Veterans Affairs patient database (VAPD 2014–2017): building nationwide granular data for clinical discovery

BACKGROUND: To study patient physiology throughout a period of acute hospitalization, we sought to create accessible, standardized nationwide data at the level of the individual patient-facility-day. This methodology paper summarizes the development, organization, and characteristics of the Veterans Affairs Patient Database 2014–2017 (VAPD 2014–2017). The VAPD 2014–2017 contains acute hospitalizations from all parts of the nationwide VA healthcare system with daily physiology including clinical data (labs, vitals, medications, risk scores, etc.), intensive care unit (ICU) indicators, facility, patient, and hospitalization characteristics. METHODS: The VA data structure and database organization represents a complex multi-hospital system. We define a single-site hospitalization as one or more consecutive stays with an acute treating specialty at a single facility. The VAPD 2014–2017 is structured at the patient-facility-day level, where every patient-day in a hospital is a row with separate identification variables for facility, patient, and hospitalization. The VAPD 2014–2017 includes daily laboratory, vital signs, and inpatient medication. Such data were validated and verified through lab value range and comparison with patient charts. Sepsis, risk scores, and organ dysfunction definitions were standardized and calculated. RESULTS: We identified 565,242 single-site hospitalizations (SSHs) in 2014; 558,060 SSHs in 2015; 553,961 SSHs in 2016; and 550,236 SSHs in 2017 at 141 VA hospitals. The average length of stay was four days for all study years. In-hospital mortality decreased from 2014 to 2017 (1.7 to 1.4%), 30-day readmission rates increased from 15.3% in 2014 to 15.6% in 2017; 30-day mortality also decreased from 4.4% in 2014 to 4.1% in 2017. From 2014 to 2017, there were 107,512 (4.8%) of SSHs that met the Center for Disease Control and Prevention’s Electronic Health Record-based retrospective definition of sepsis.

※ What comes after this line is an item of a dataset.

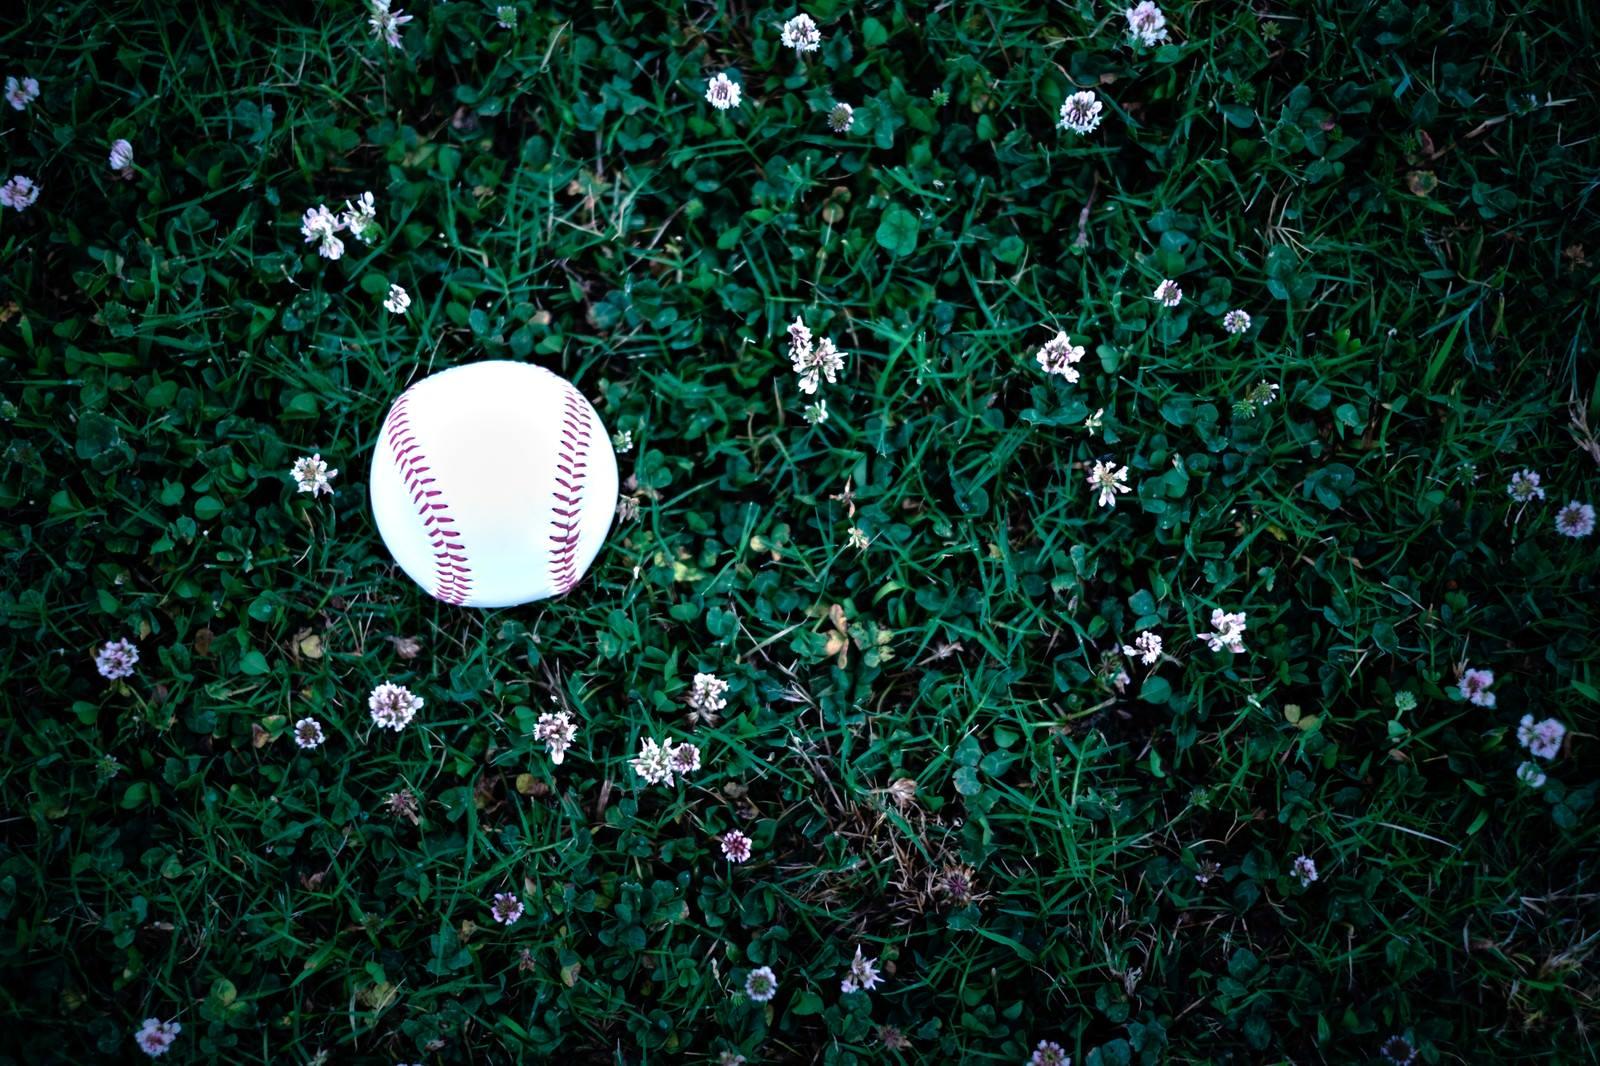 「野原に転が野球のボール」の写真

CONCLUSION: The VAPD 2014–2017 represents a large, standardized collection of granular data from a heterogeneous nationwide healthcare system. It is also a direct resource for studying the evolution of inpatient physiology during both acute and critical illness. ELECTRONIC SUPPLEMENTARY MATERIAL: The online version of this article (10.1186/s12874-019-0740-x) contains supplementary material, which is available to authorized users.